**ACTION ITEM**
The data must be reproduced verbatim; images are to be omitted.

**DATASET EXTRACT**
╔══
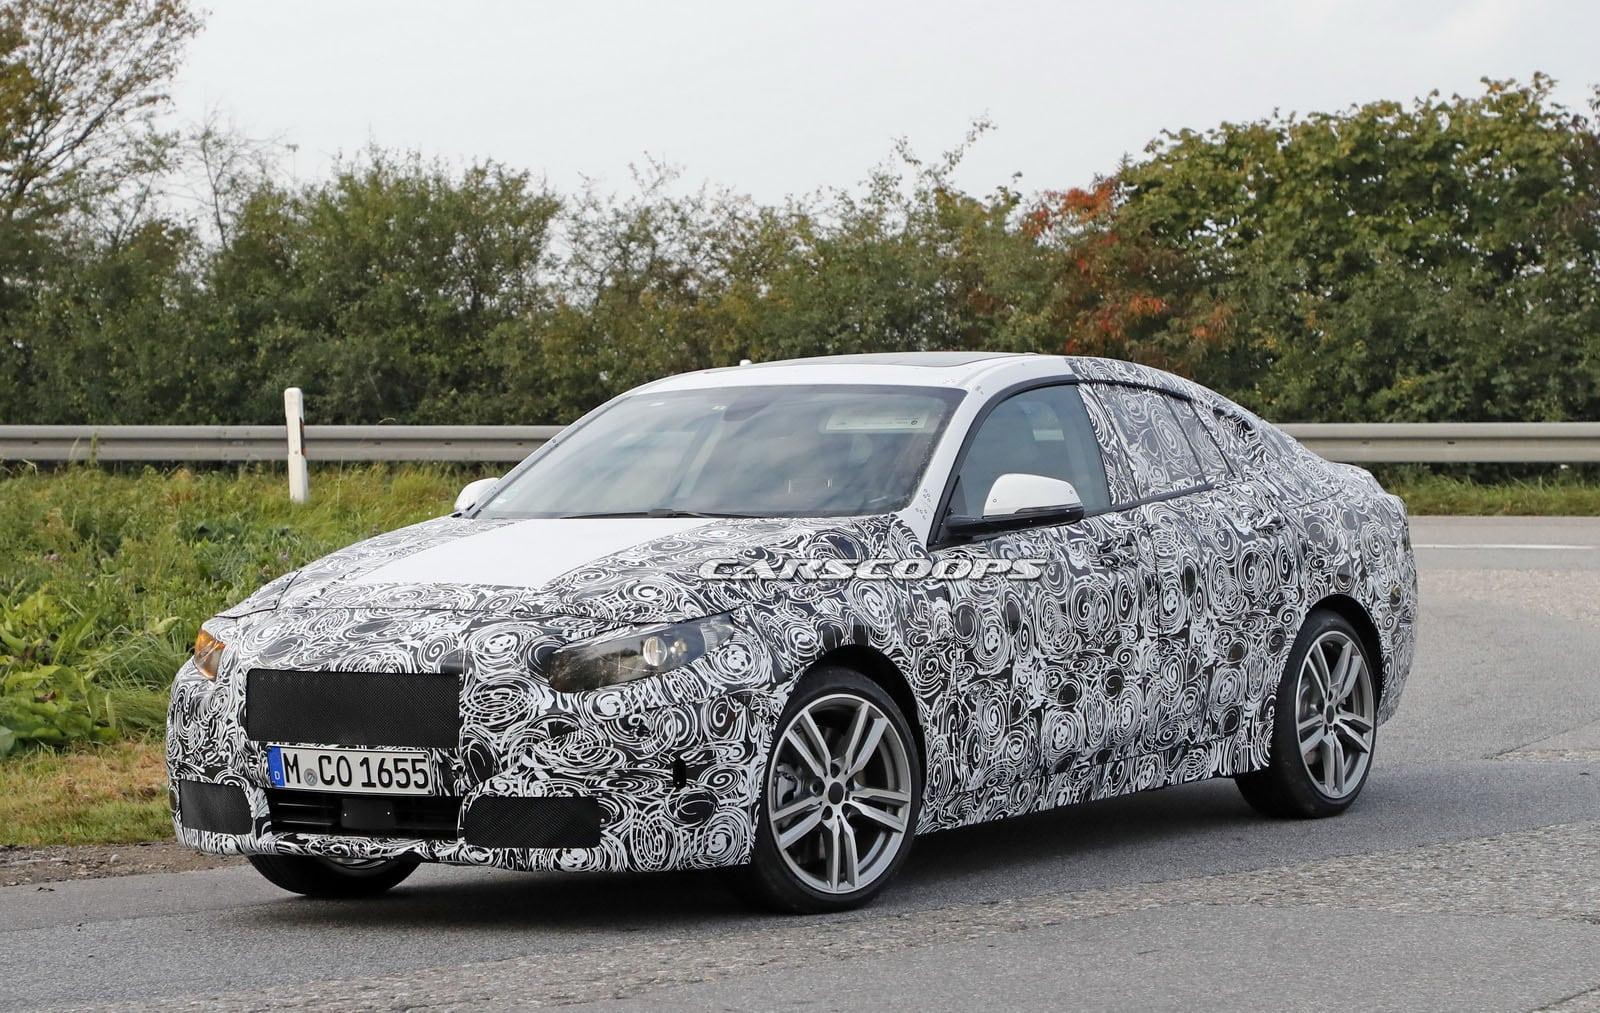 2020 BMW 2 Series Concept
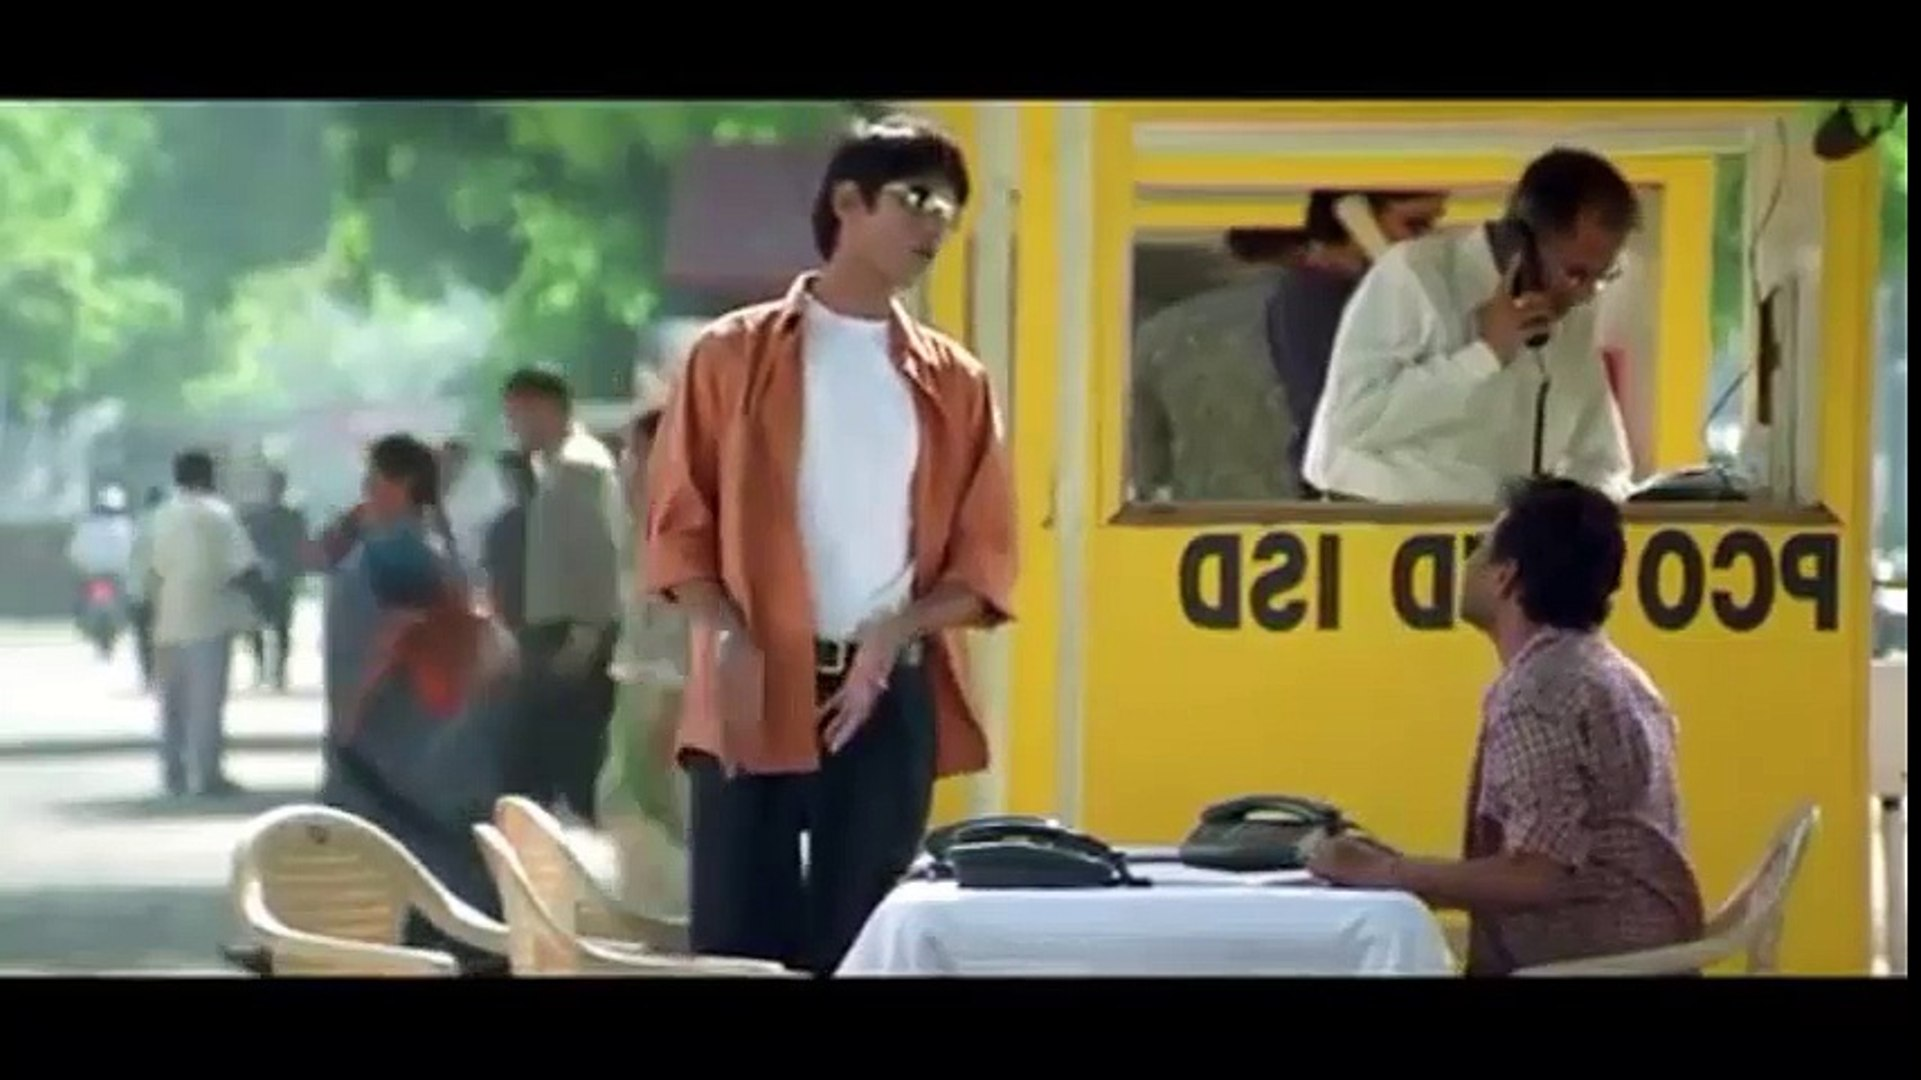 Hindi funny movies list|Top 10 Bollywood Comedy Movies|Comedy Movies Bollywood  2017
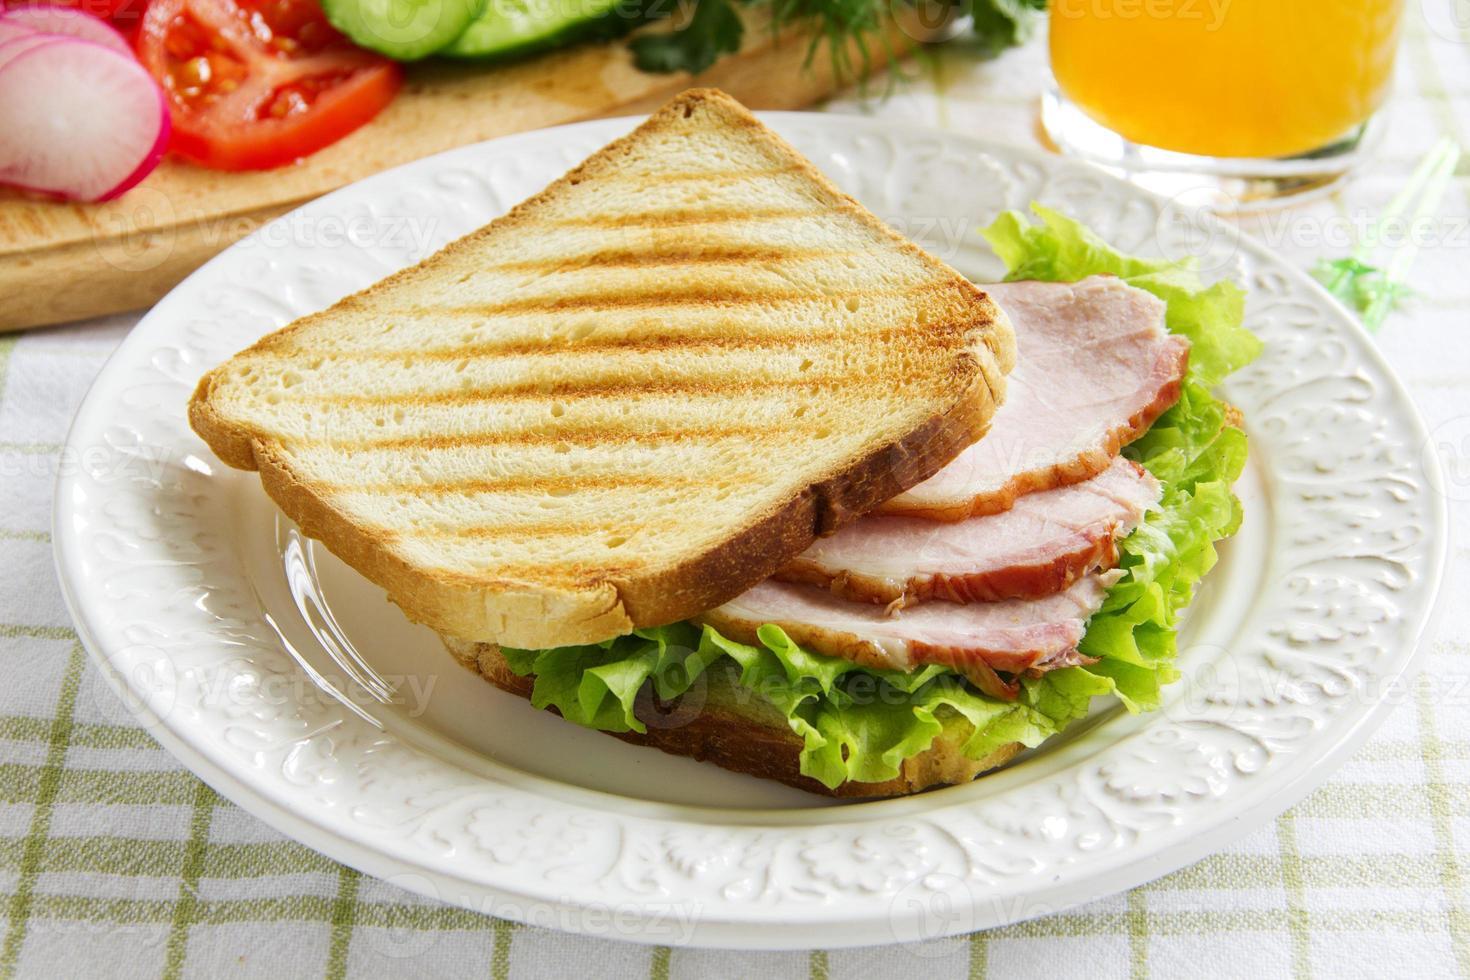 panino con verdure rotbifom ... foto
╚══
**WRITTEN RESPONSE**
 2020 BMW 2 Series Concept
 Hindi funny movies list|Top 10 Bollywood Comedy Movies|Comedy Movies Bollywood  2017
 panino con verdure rotbifom ... foto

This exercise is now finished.